The increasing call by biologists published in the peer-reviewed literature who say that "[neo] Darwinism in its current scientific incarnation has pretty much reached the end of its rope"(1) is for a new paradigm because, "The main reason is empirical. Genetical Darwinism cannot accommodate the role of development (and of genes in development) in many evolutionary processes"(2) with the result that, "macroevolution and microevolution are decoupled in the important sense that macroevolutionary patterns cannot be deduced from microevolutionary principles." (3) And so "Summarizing the state of the art in the study of the code evolution, we cannot escape considerable skepticism. It seems that the two-pronged fundamental question: "why is the genetic code the way it is and how did it come to be?," that was asked over 50 years ago, at the dawn of molecular biology, might remain pertinent even in another 50 years. Our consolation is that we cannot think of a more fundamental problem in biology"(4)

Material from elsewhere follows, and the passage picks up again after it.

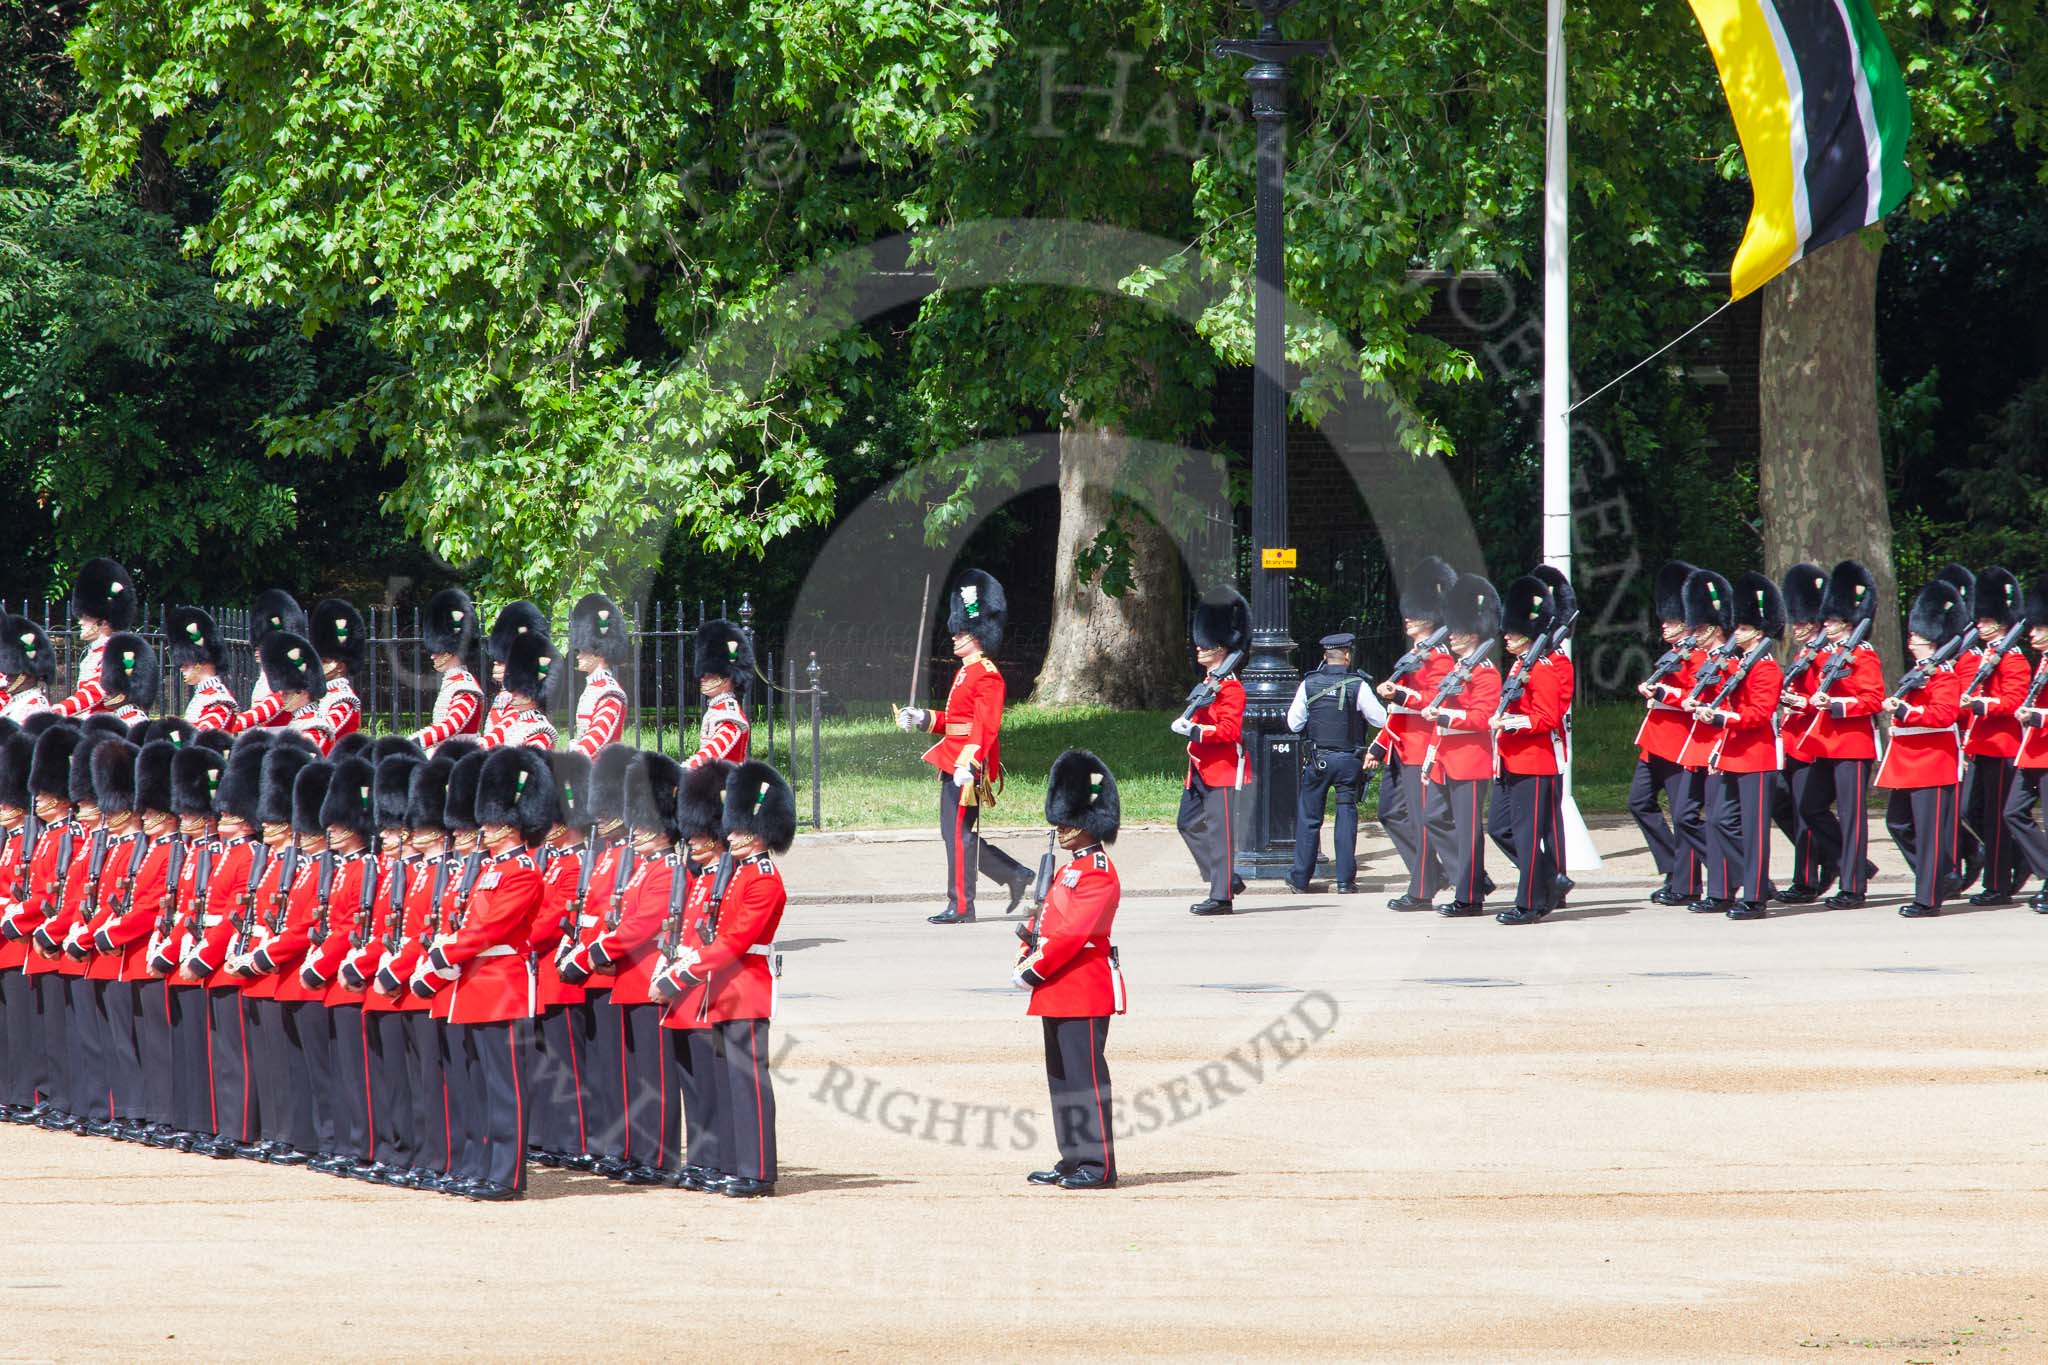 Trooping the Colour 2013: The Band of the Welsh Guards is marching along the St James's Park side of Horse Guards parade, here passing No. 3 Guard, , 1st Battalion Welsh Guards. The musicians are followed by No. 2 Guard, , 1st Battalion Welsh Guards. Image #105, 15 June 2013 10:30 Horse Guards Parade, London, UK
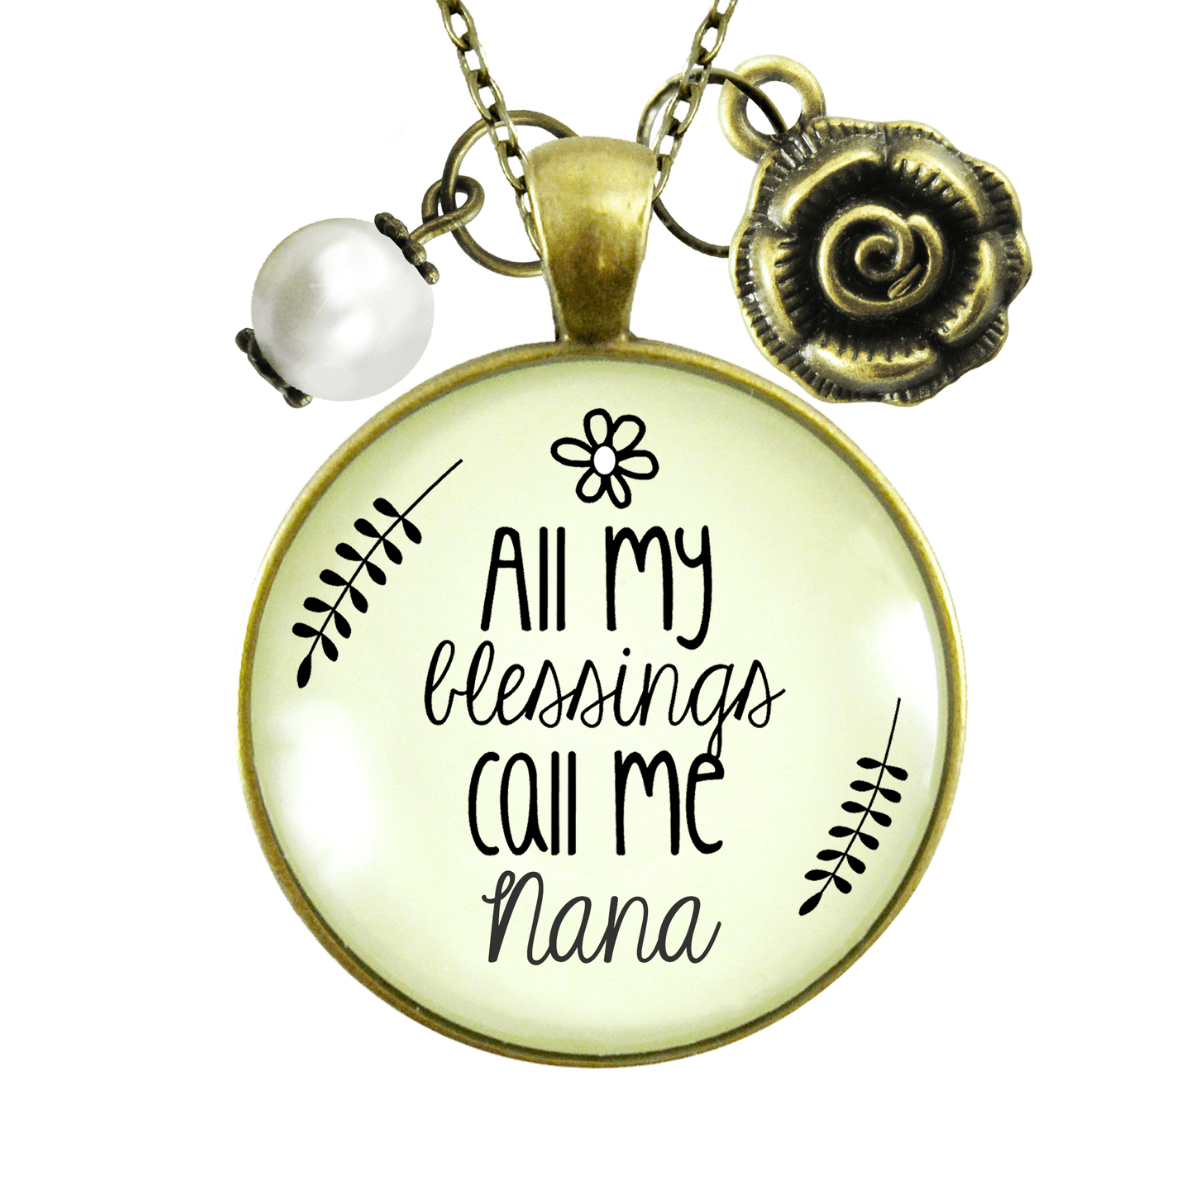 Gutsy Goodness Nana Necklace All My Blessing Gift Quote Womens Grandma Jewelry - Gutsy Goodness Handmade Jewelry;Nana Necklace All My Blessing Gift Quote Womens Grandma Jewelry - Gutsy Goodness Handmade Jewelry Gifts

1. David J. Depew and Bruce H. Weber. BIOLOGICAL THEORY, Nov 8, 2011: Volume 6, Number 1, 89-102, DOI: 10.1007/s13752-011-0007-1
2. IBID
3. G. Ledyard Stebbins and Francisco J. Ayala. Is a New Evolutionary Synthesis Necessary? Science 28 August 1981: Vol. 213 no. 4511 pp. 967-971, DOI 10.1126/science.213.4511.967
4. Koonin EV, Novozhilov AS. Origin and evolution of the genetic code: the universal enigma. IUBMB Life. 2009 Feb;61(2):99-111.

Nobel Laureate physicist Robert B. Laughlin's book A Different Universe summating this and showing why neo-Darwinism is actually antitheory, antiscience:

"Most important of all, however, the presence of such corollaries raises the concern that much of present-day biological knowledge is ideological. A key symptom of ideological thinking is the explanation that has no implications and cannot be tested. I call such logical dead ends antitheories because they have exactly the opposite effect of real theories: they stop thinking rather than stimulate it. Evolution by natural selection, for instance, which Charles Darwin originally conceived as a great theory, has lately come to function more as an antitheory, called upon to cover up embarrassing experimental shortcomings and legitimize findings that are at best questionable and at worst not even wrong. Your protein defies the laws of mass action? Evolution did it! Your complicated mess of chemical reactions turns into a chicken? Evolution! The human brain works on logical principles no computer can emulate? Evolution is the cause!"
Laughlin, Robert B. Basic Books; 1St Edition edition (March 1, 2005), p. 149.